• [TASK TO CARRY OUT] Pictures in the data below are not part of the copy; transcribe everything else exactly.

• [GIVEN DATA]
=-=-=-=-=

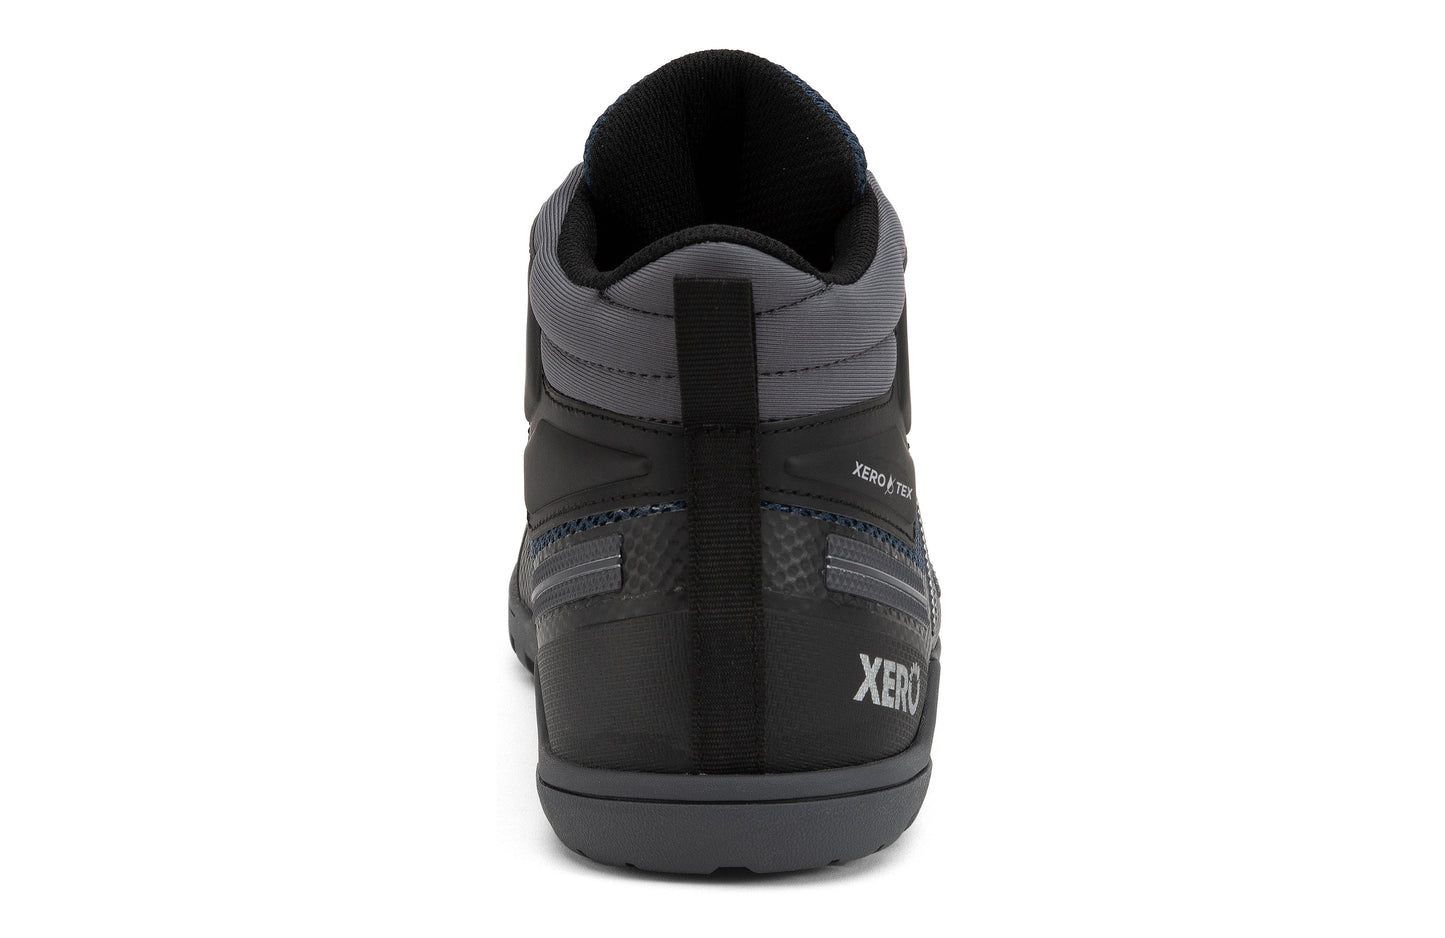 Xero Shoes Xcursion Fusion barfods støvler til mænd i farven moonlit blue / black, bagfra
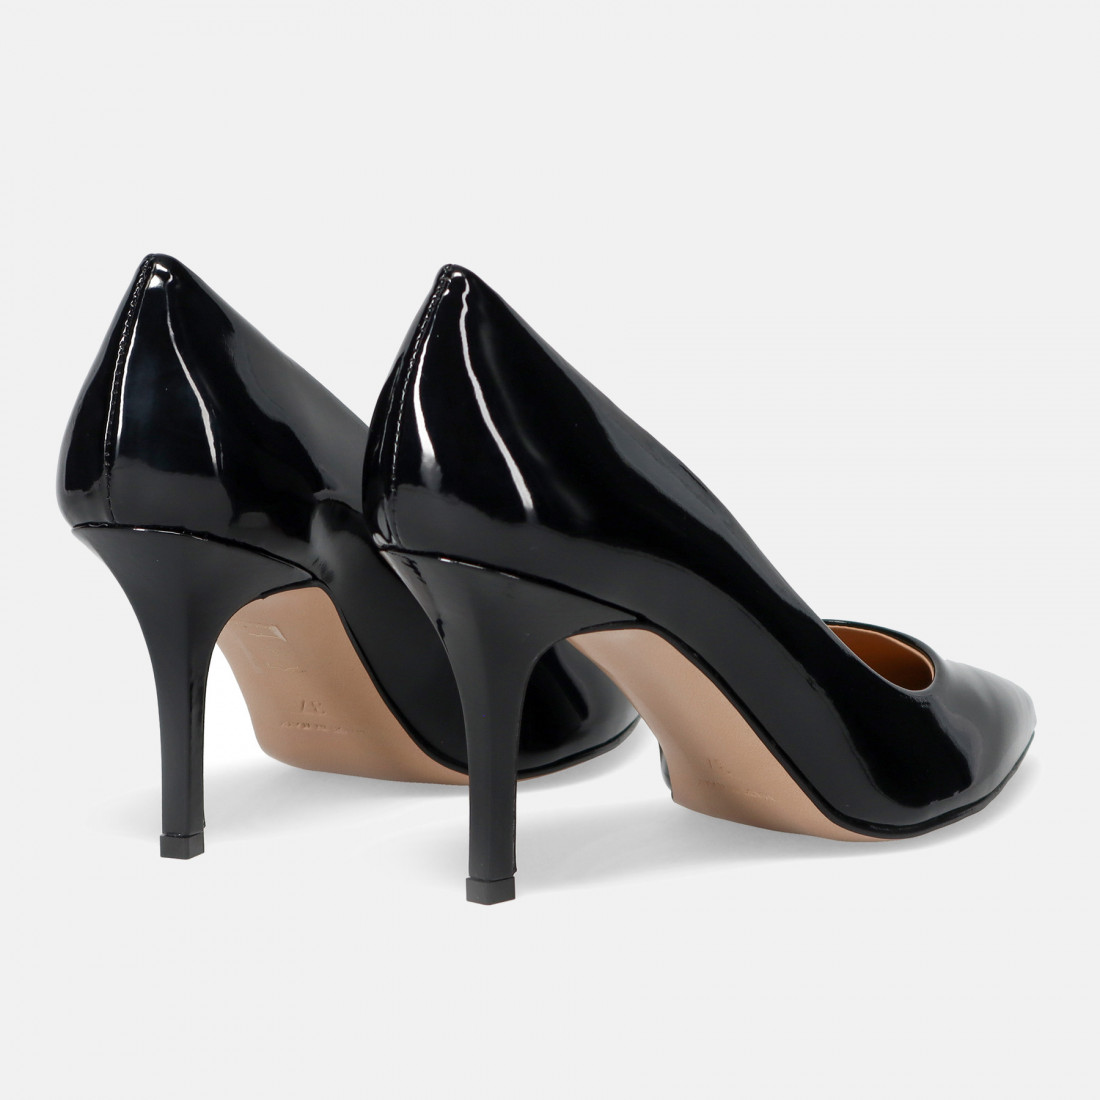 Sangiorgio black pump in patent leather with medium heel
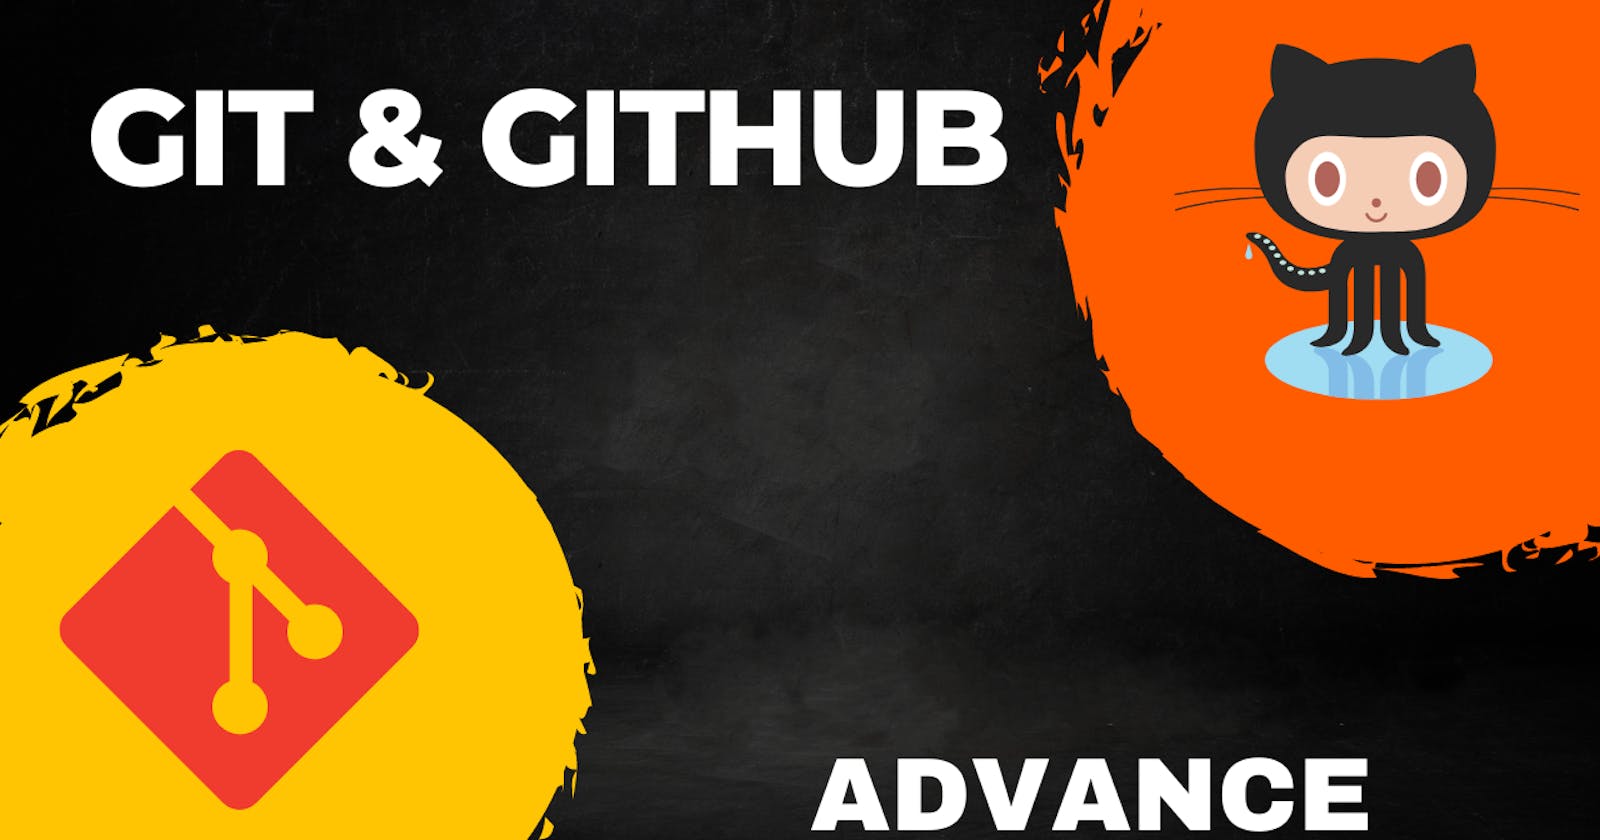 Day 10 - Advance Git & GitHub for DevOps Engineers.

=-=-=-=-=

• [FINAL ANSWER]
 Xero Shoes Xcursion Fusion barfods støvler til mænd i farven moonlit blue / black, bagfra
 Sangiorgio black pump in patent leather with medium heel
 Day 10 - Advance Git & GitHub for DevOps Engineers.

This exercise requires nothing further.